His most famous work is called Spiritual Friendship. When Jesus was told that his family was waiting to see him, he replied, "All who do the will of my Father are my family." From this, some Christians have drawn the conclusion that the only kind of love permissible to a Christian is Charity -- that is: (a) the universal benevolence that wills the good of all persons, and (b) the bond that unites the Christian with Christ and through Christ with all other Christians.
Note that Universal Belevolence is extended equally to all persons (we are to love Jones because God made him), and that the bond of Christian Unity unites us equally with all our fellow Christians who are in a state of grace (we are to love Jones because Christ dwells in him). Neither leaves any room for particular friendships, for liking Jones more than Smith because Jones shares our interest in hockey, or because Jones and we like the same sort of jokes, or come from the same part of the country and have similar childhood memories,
or because Jones is an easy-going type and it is easy to relax and feel comfortable around him, or because Jones and we have a special bond of friendship, loyalty, and trust. Particular friendships are OUT!
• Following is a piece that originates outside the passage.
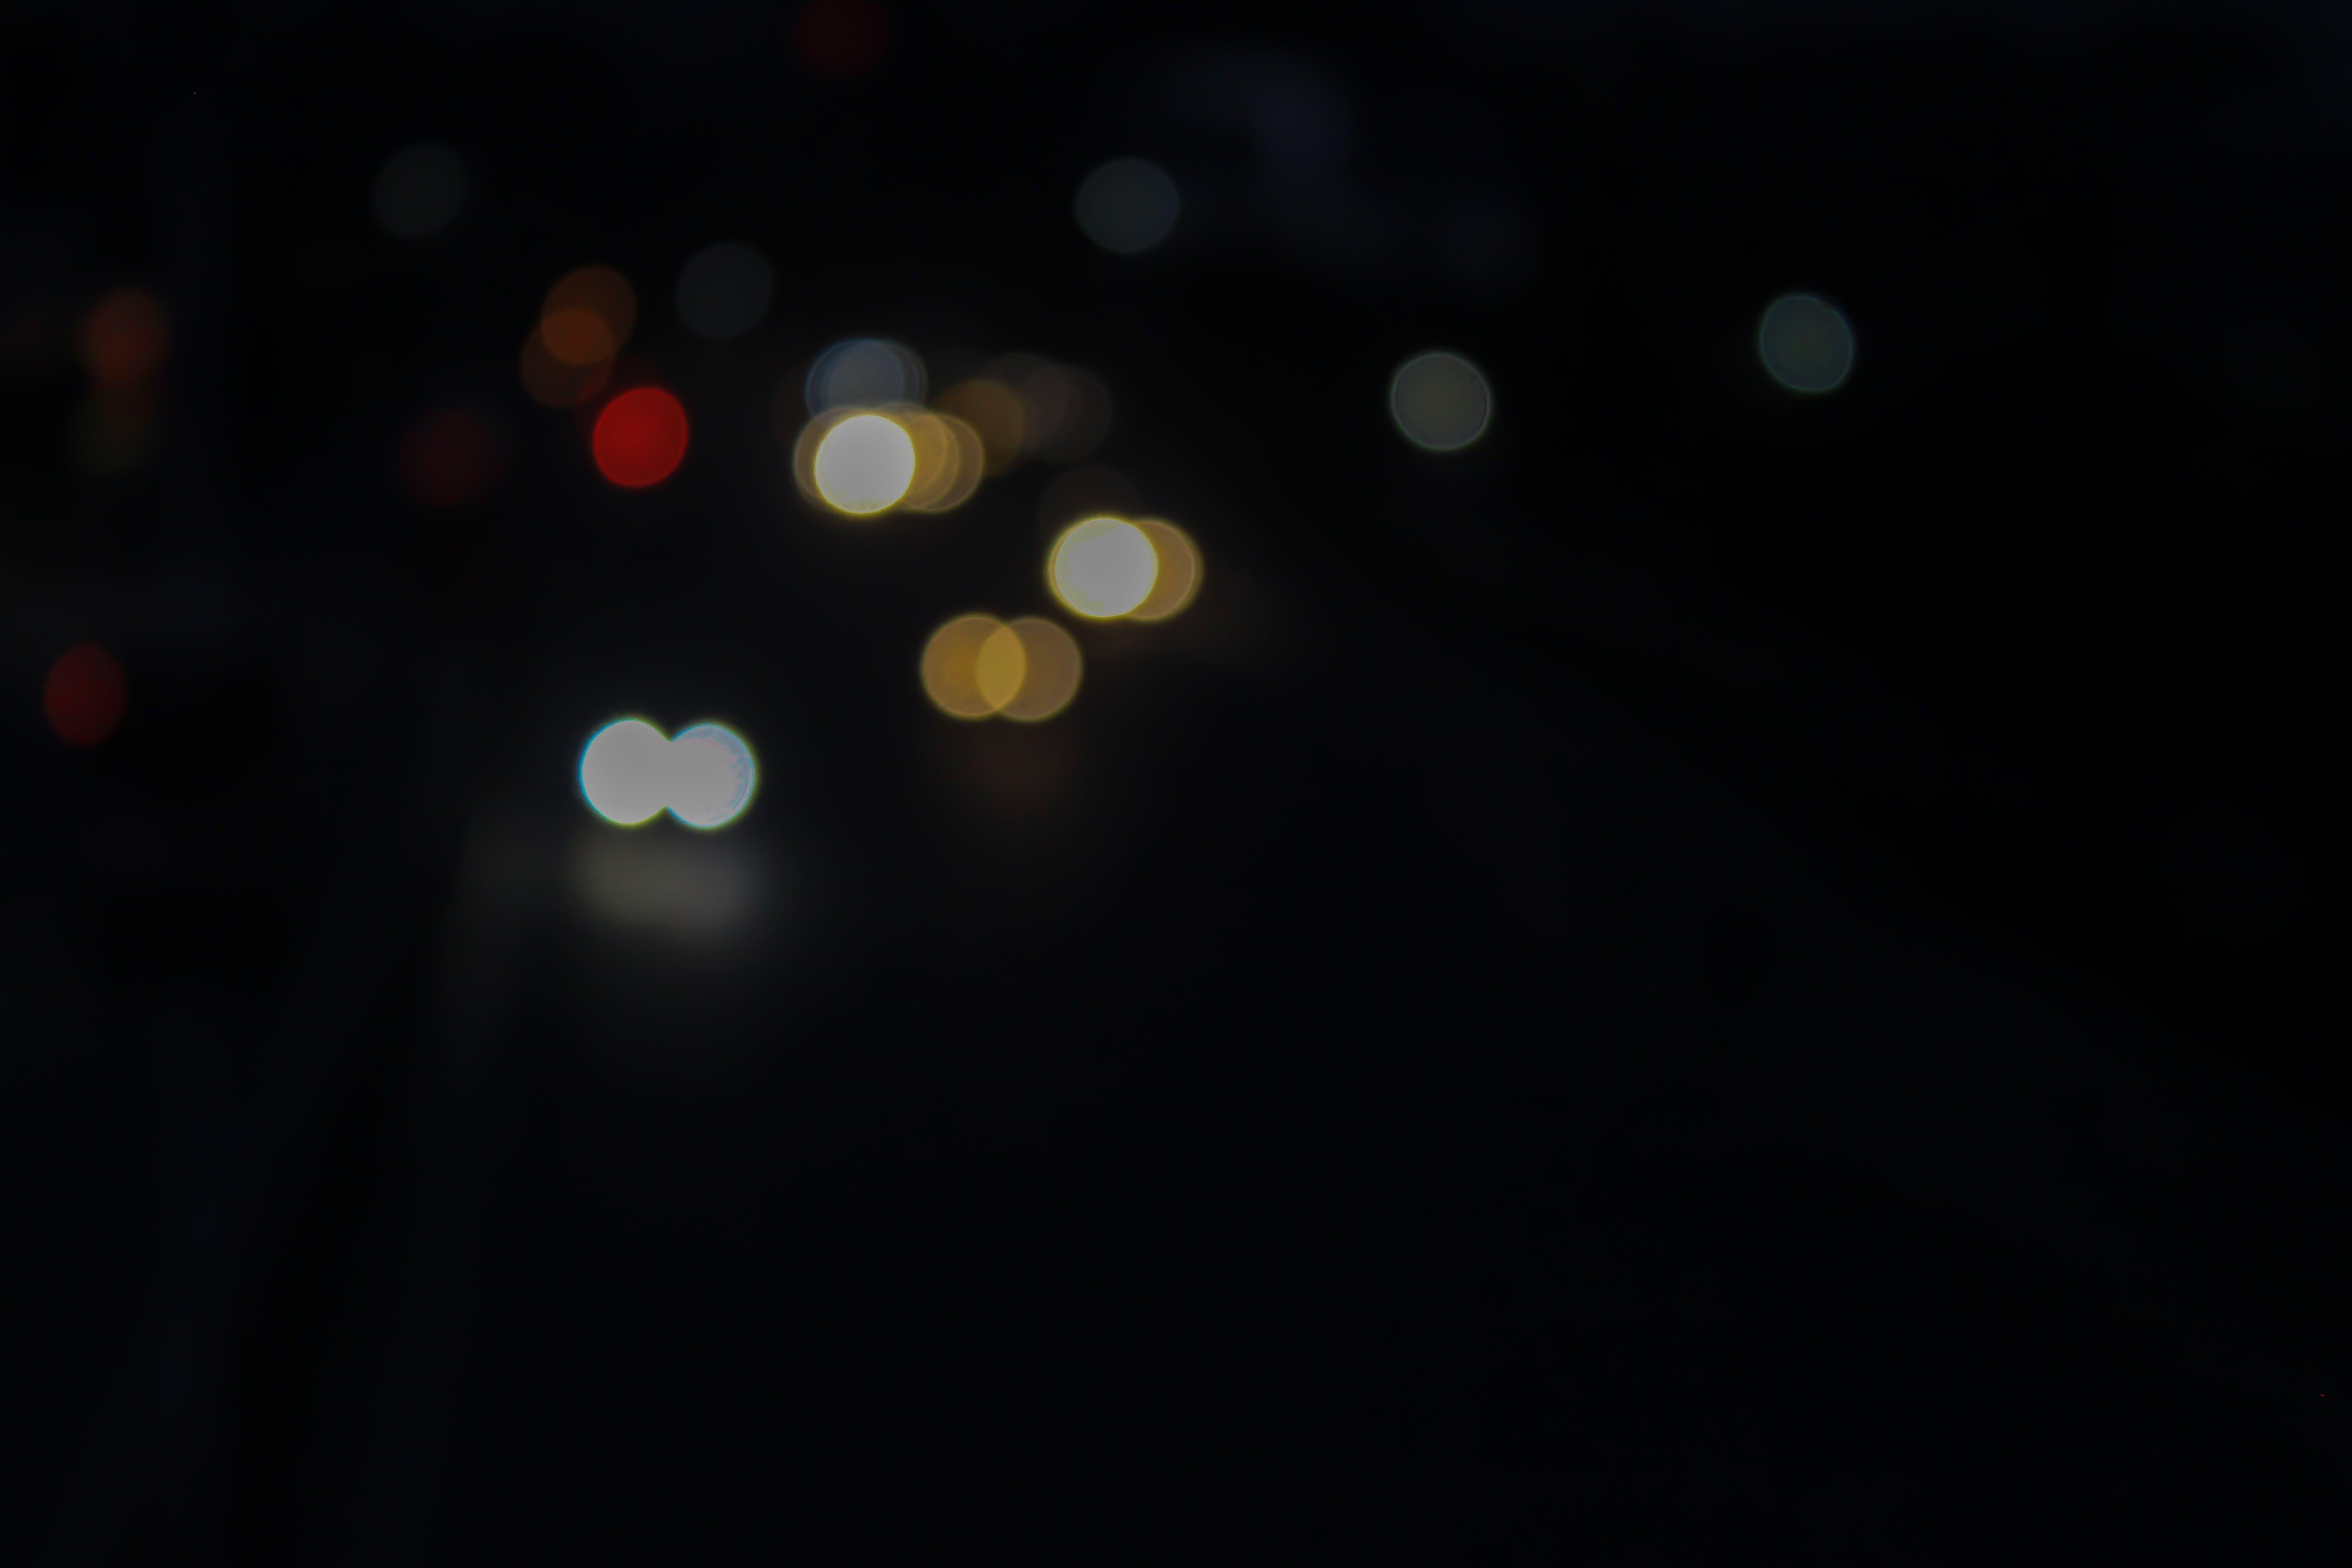 Free stock photo of bokeh, empty street, night city, night photography

Some who do not think that every Christian must renounce particular
friendships believe that every monastic must do so. In many religious houses, where the monks or nuns walk two by two into chapel or the dining hall or while pacing about during the daily hour of recreation, the superior will make a point of constantly shifting partners, lest anyone form a liking for one partner more than another. (This does not apply just to friends. It is sometimes held that no monk ought to allow himself any preferences in food or drink.) Against this view, Aelred wrote that it is compatible with the highest degree of Christian perfection to take special pleasure in the company of particular
friends. He point out that we are told that Jesus loved John, and Mary, and Martha, and Lazarus, and that this probably means that he found their company congenial.